-------- Source material --------

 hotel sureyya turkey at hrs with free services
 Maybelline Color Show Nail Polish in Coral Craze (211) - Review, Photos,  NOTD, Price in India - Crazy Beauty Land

--------
-------- Source material --------

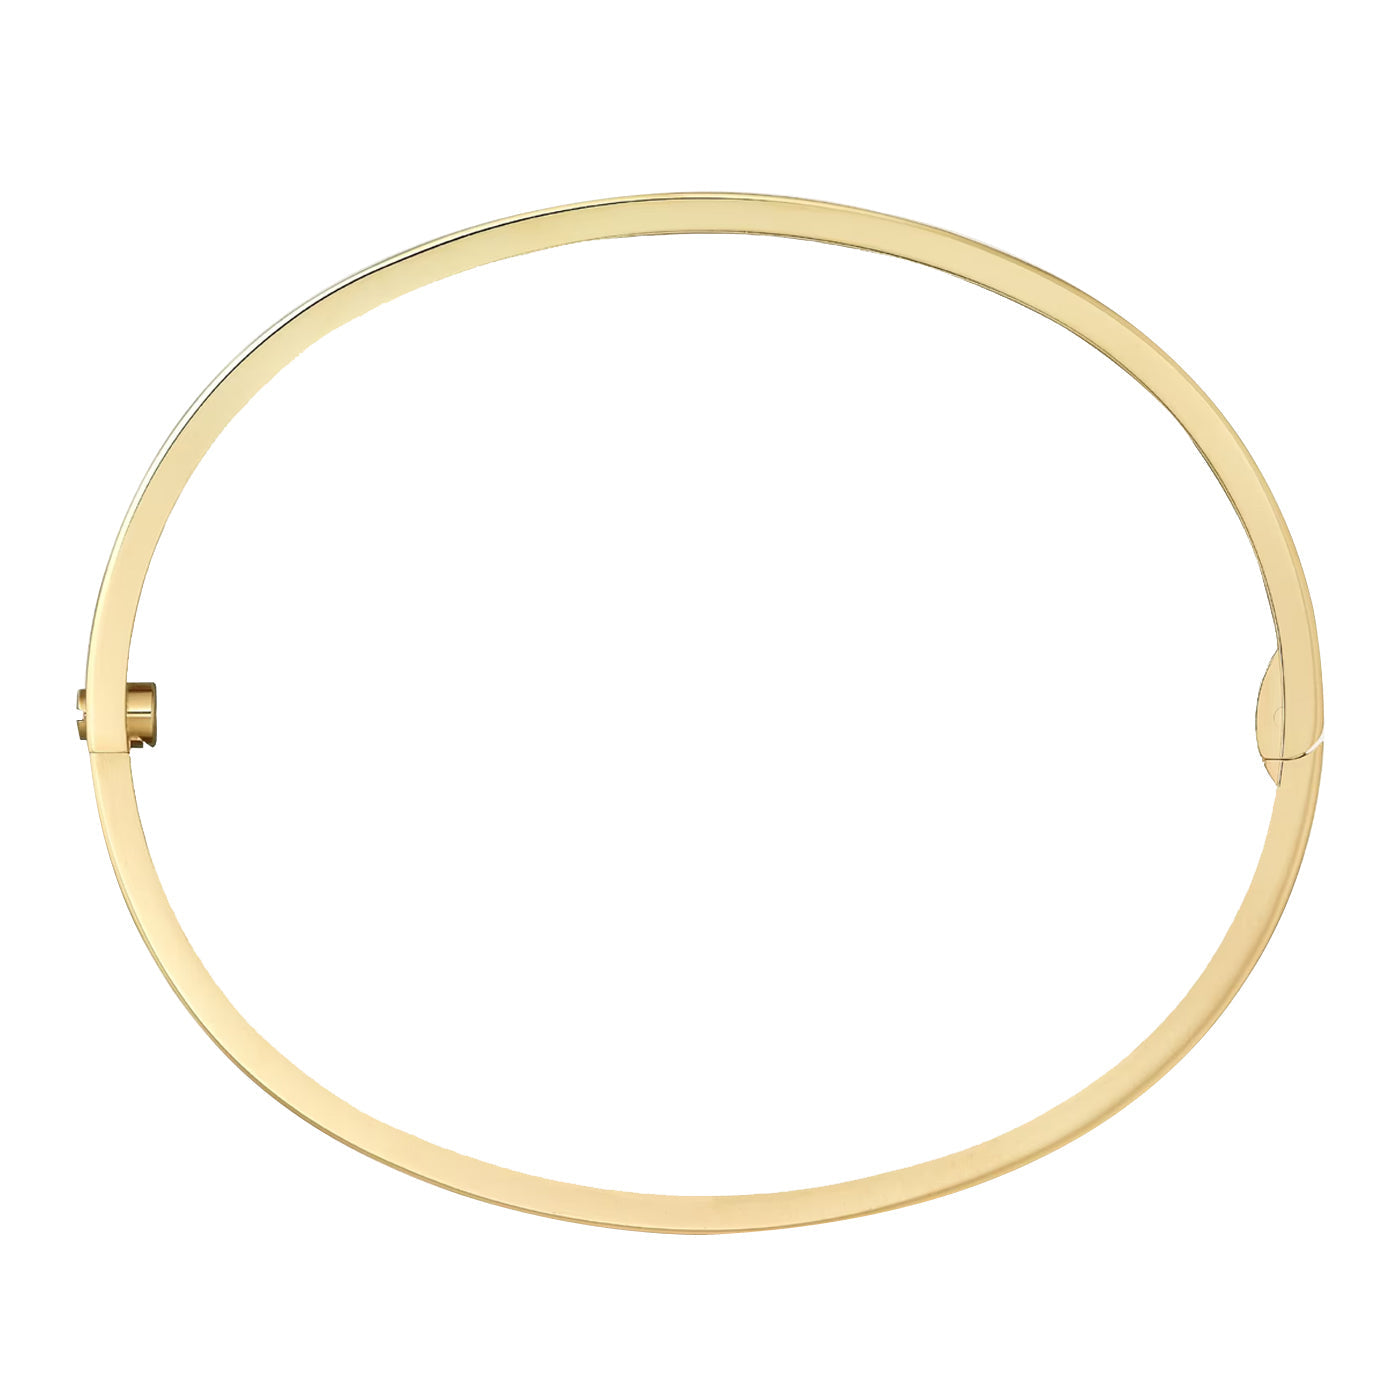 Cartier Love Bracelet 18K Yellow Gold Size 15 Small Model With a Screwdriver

--------

**Activity**.
Could you reproduce exactly the lines of the entries above, from the one with "hotel sureyya turkey" through the one with "Maybelline Color Show", and nothing else?

**Output of the task**.
 hotel sureyya turkey at hrs with free services
 Maybelline Color Show Nail Polish in Coral Craze (211) - Review, Photos,  NOTD, Price in India - Crazy Beauty Land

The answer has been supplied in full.